An annular stator A stator formed by winding a coil around an iron core via an insulating material.
The stator core is
With multiple split cores
The plurality of divided cores
Includes first and second split cores that are connected next to each other
It is a connected laminated iron core that is connected and arranged in a ring shape.
Each of the plurality of split cores
It is formed by alternately stacking a plurality of plate-shaped first members and second members in at least a part thereof.
The first member and the second member
A yoke portion with a connecting portion formed at one end and a yoke end formed at the other end, and a yoke portion.
A tooth portion that protrudes integrally with the yoke portion from the central portion of the yoke portion toward the inner peripheral side of the stator core, and a tooth portion.
A tooth tip portion integrally formed with the tip on the inner peripheral side of the tooth portion is provided.
The connecting portion of the yoke portion of the first member is
Located at the end of the second member opposite to the connecting portion of the yoke portion,
The connecting portion of the first member of the first split core
It is located between the connecting portions of the second member of the second split core.
Positioned so as to be abutted against the yoke end of the first member of the second split core.
The first split core and the second split core are relatively rotatably connected around the connecting portion.
The tooth tip portion of the first division core is
A stator in which at least a part of the tooth tip portion of the second split core is in contact with or is fitted at both ends in the circumferential direction.
The stator core is
The stator according to claim 1, wherein a gap is provided between the first member of the first split core and the first member of the second split core.
The ends of the tooth tips of the first member and the second member
The stator according to claim 1 or 2, wherein the thickness dimension of the stator core in the radial direction is at least twice the thickness dimension of the stator core in the central axis direction.
The connecting portion of the first member and the second member
It is provided with an engaging portion that forms a convex portion on one surface and a concave portion on the other surface.
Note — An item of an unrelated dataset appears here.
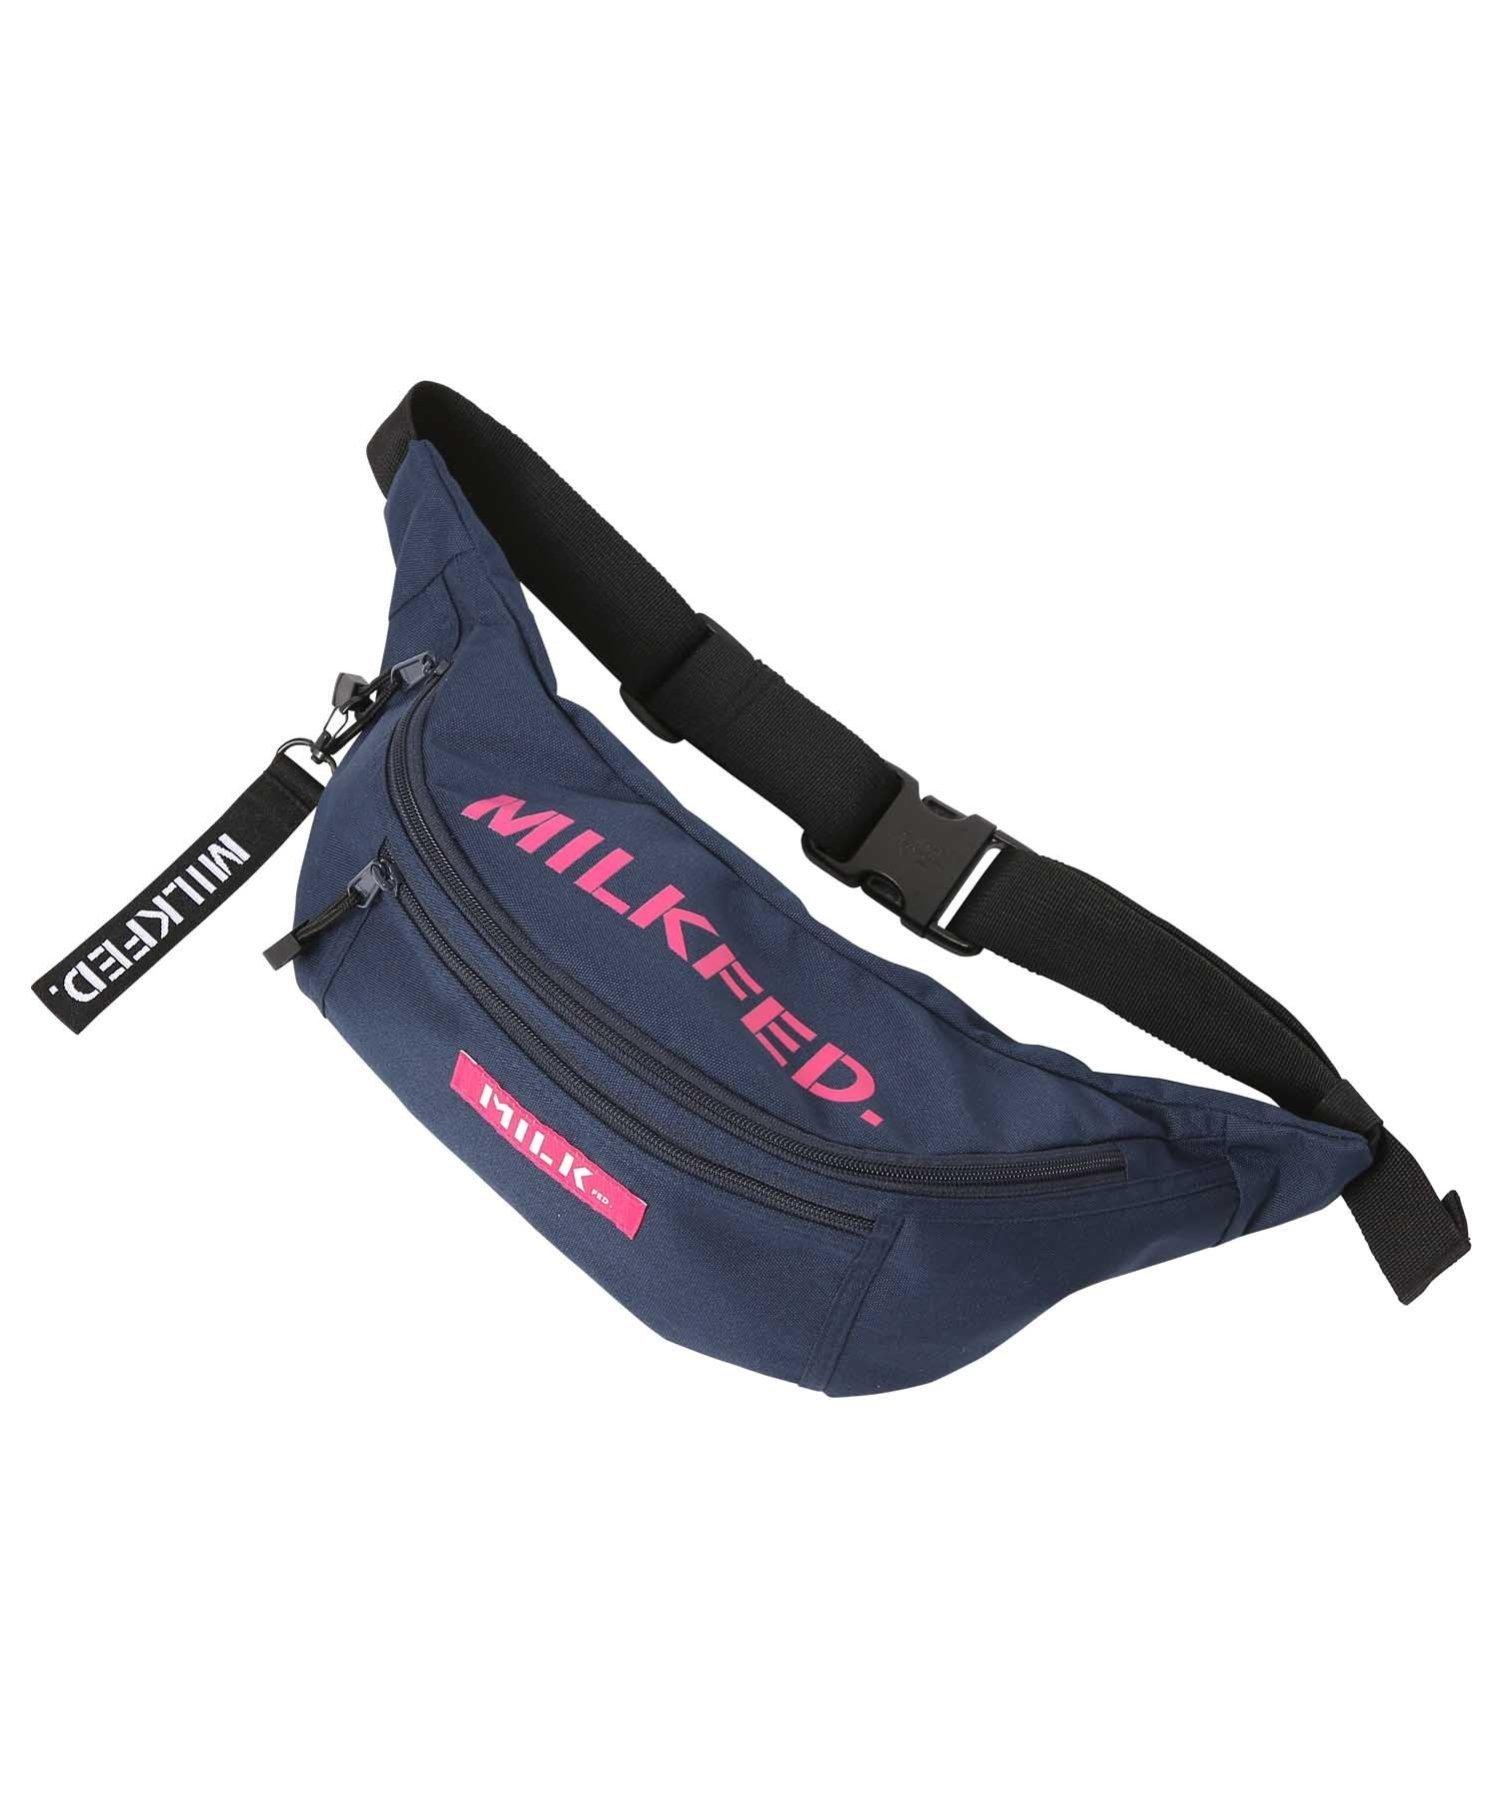 MILKFED. TOP LOGO FANNY PACK ミルクフェド バッグ【送料無料】

A claim that the convex portion of the first member and the concave portion of the second member are fitted, and the convex portion of the second member is fitted and connected to the concave portion of the first member. The stator according to any one of 1 to 3.
The ends of the tooth tips of the first split core and the second split core
The stator according to claim 4, which is located on a concentric circle centered on the center of the engaging portion.
A rotary electric machine provided with the stator according to any one of claims 1 to 5.
A compressor comprising the rotary electric machine according to claim 6 and a compression mechanism driven by the rotary electric machine to compress the refrigerant.